DATA EXTRACT:
◆ ◆ ◆ ◆ ◆ ◆ ◆
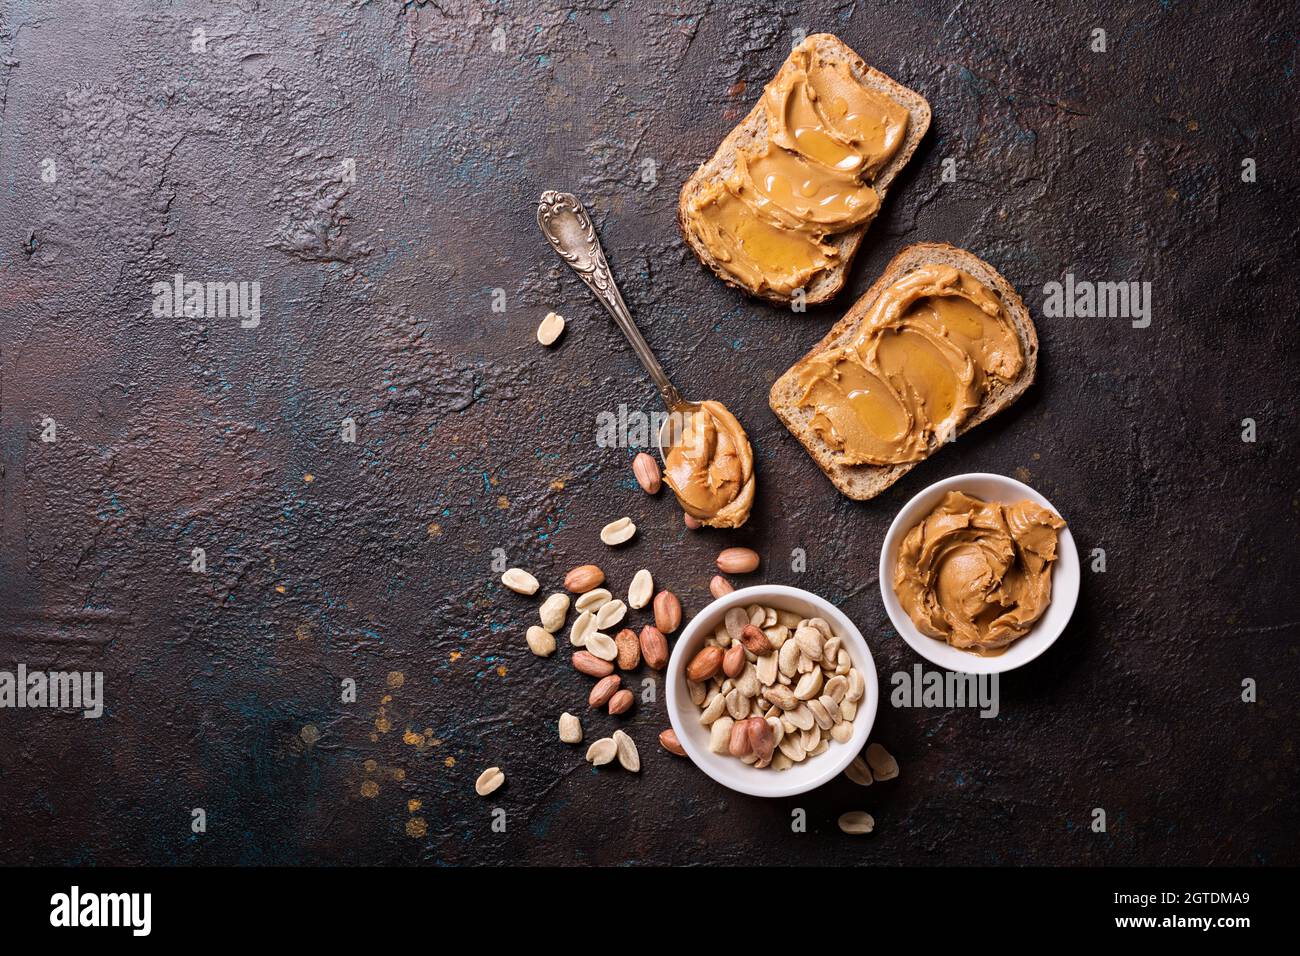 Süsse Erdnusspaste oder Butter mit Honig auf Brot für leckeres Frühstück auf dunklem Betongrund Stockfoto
◆ ◆ ◆ ◆ ◆ ◆ ◆
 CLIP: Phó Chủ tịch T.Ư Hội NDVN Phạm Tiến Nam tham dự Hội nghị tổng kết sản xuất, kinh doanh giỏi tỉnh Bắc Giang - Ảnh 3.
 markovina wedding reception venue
◆ ◆ ◆ ◆ ◆ ◆ ◆
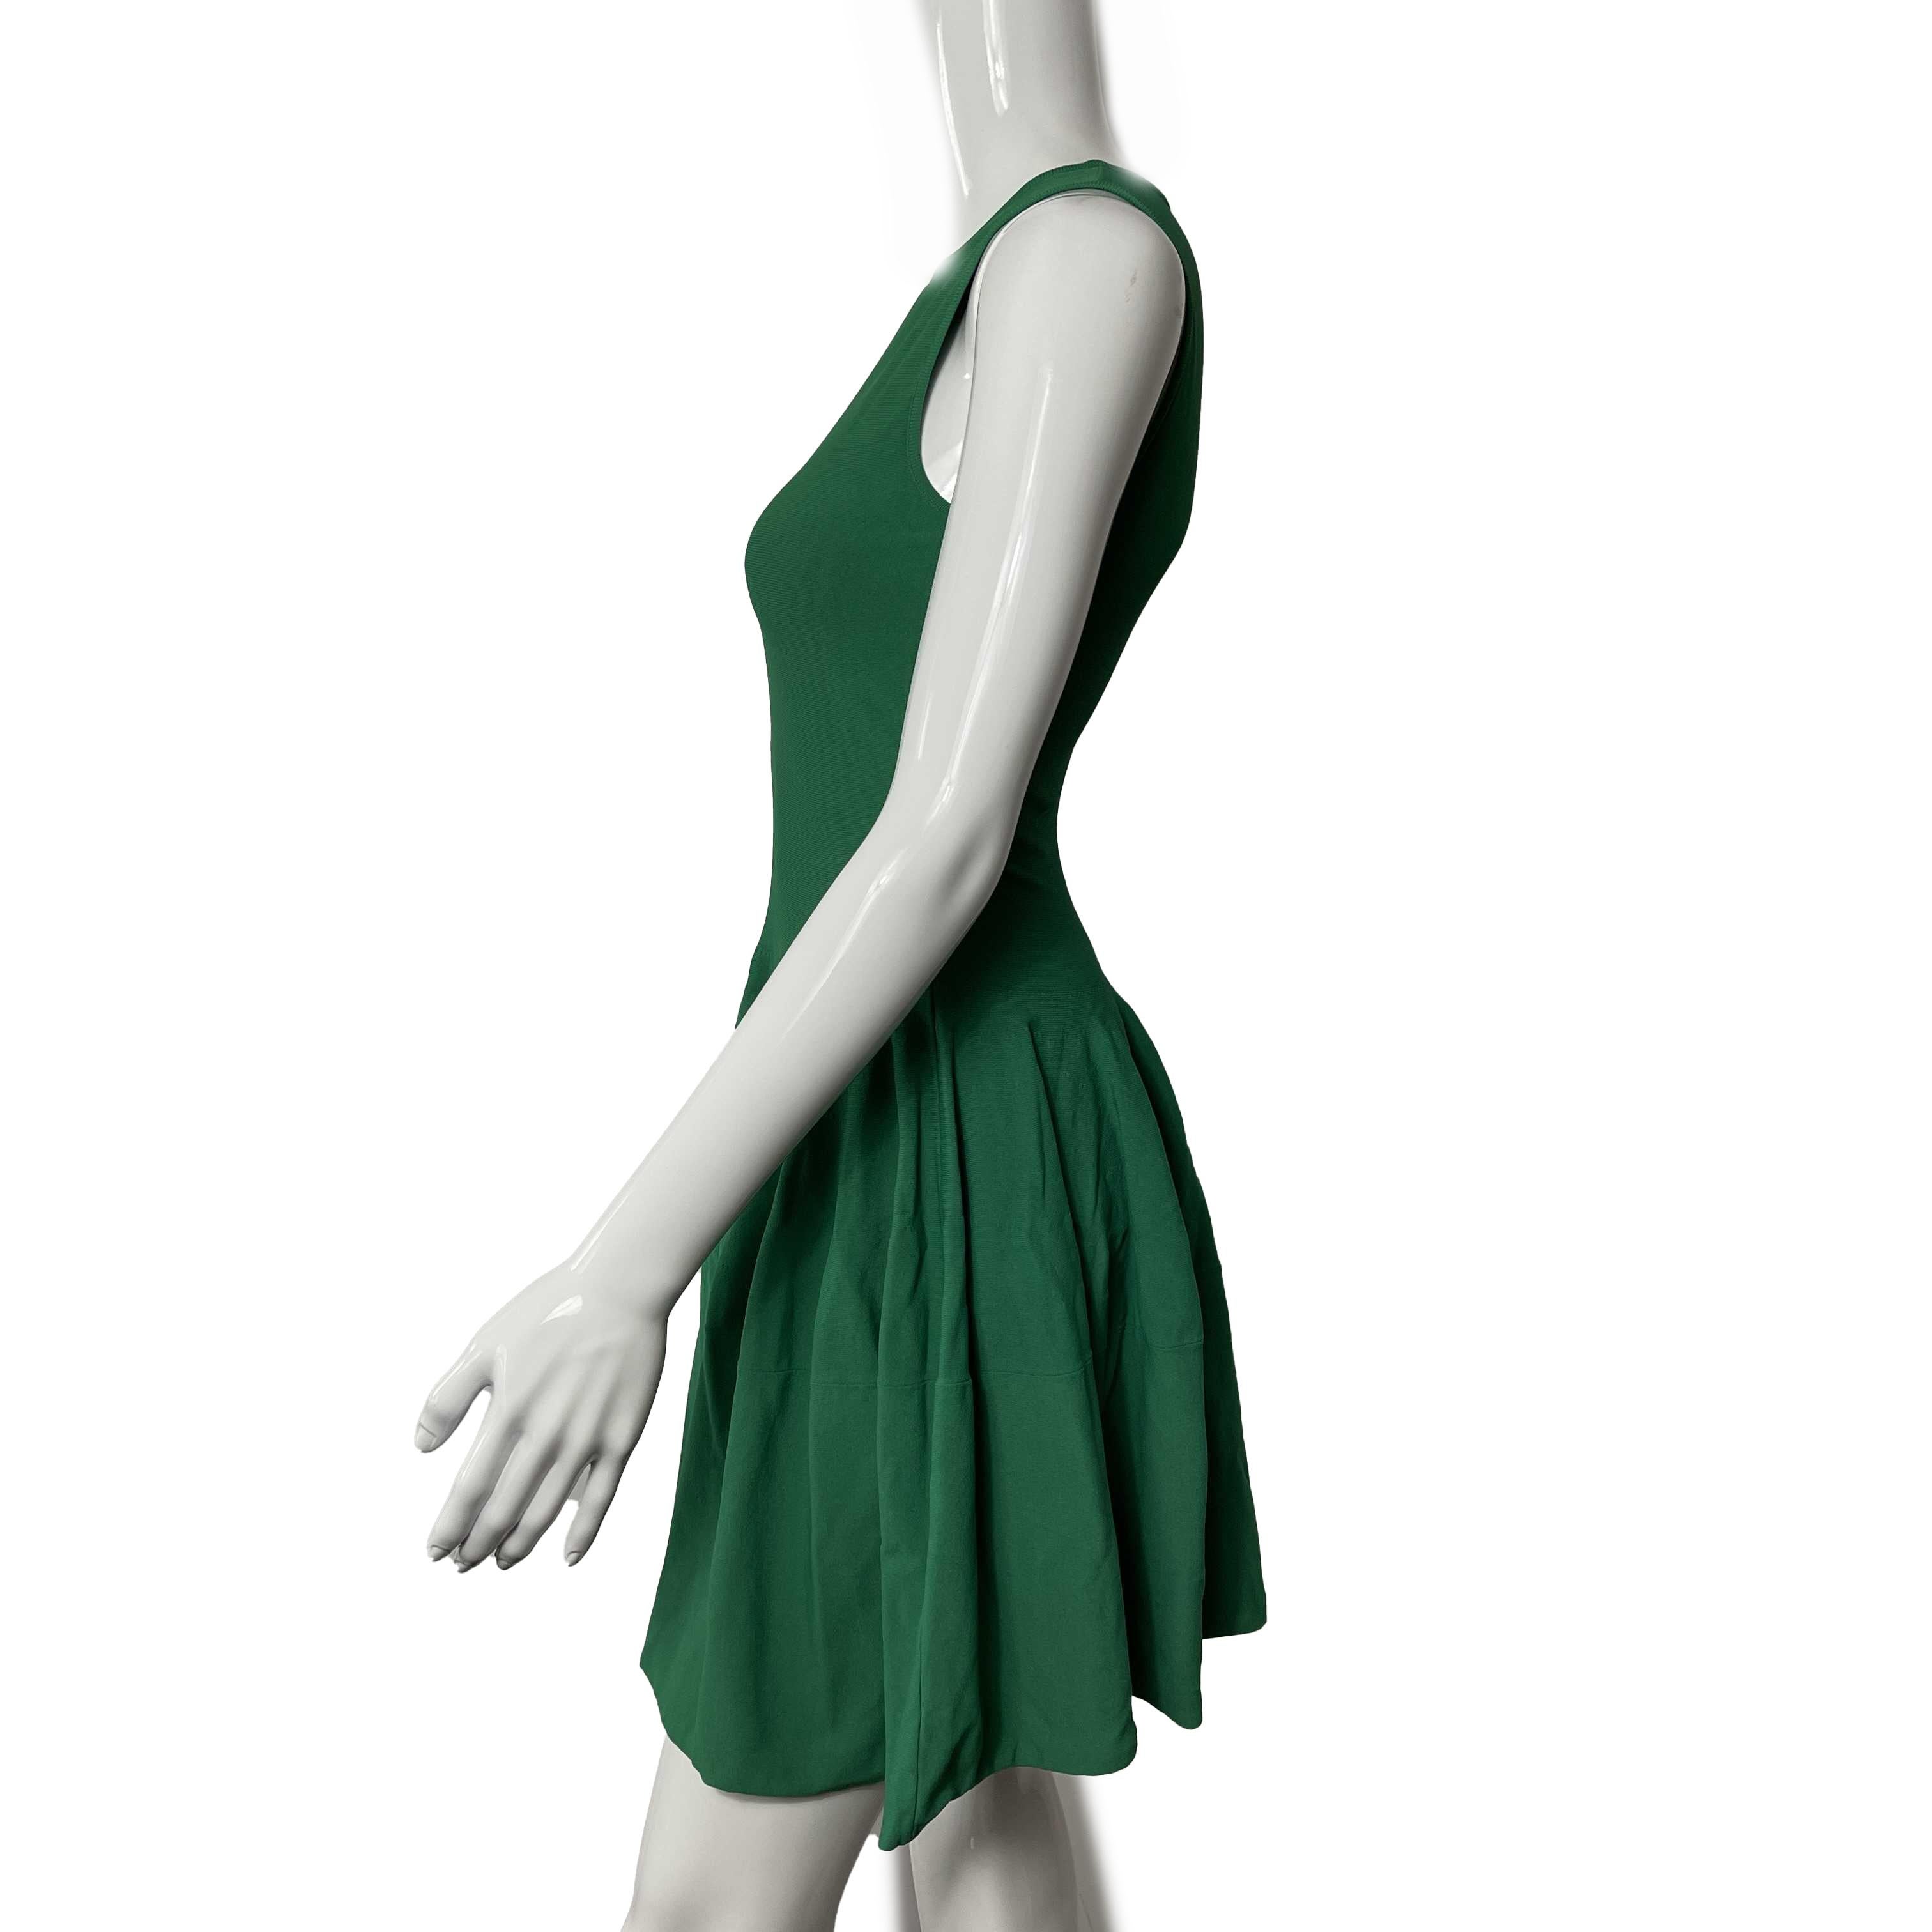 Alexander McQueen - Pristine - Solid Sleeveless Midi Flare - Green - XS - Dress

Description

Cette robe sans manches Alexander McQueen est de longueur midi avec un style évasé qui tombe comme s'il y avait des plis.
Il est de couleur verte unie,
◆ ◆ ◆ ◆ ◆ ◆ ◆
Within the material above, copy exactly the lines from the line that holds "CLIP: Phó Chủ" up to and including the line that holds "markovina wedding reception venue".

 CLIP: Phó Chủ tịch T.Ư Hội NDVN Phạm Tiến Nam tham dự Hội nghị tổng kết sản xuất, kinh doanh giỏi tỉnh Bắc Giang - Ảnh 3.
 markovina wedding reception venue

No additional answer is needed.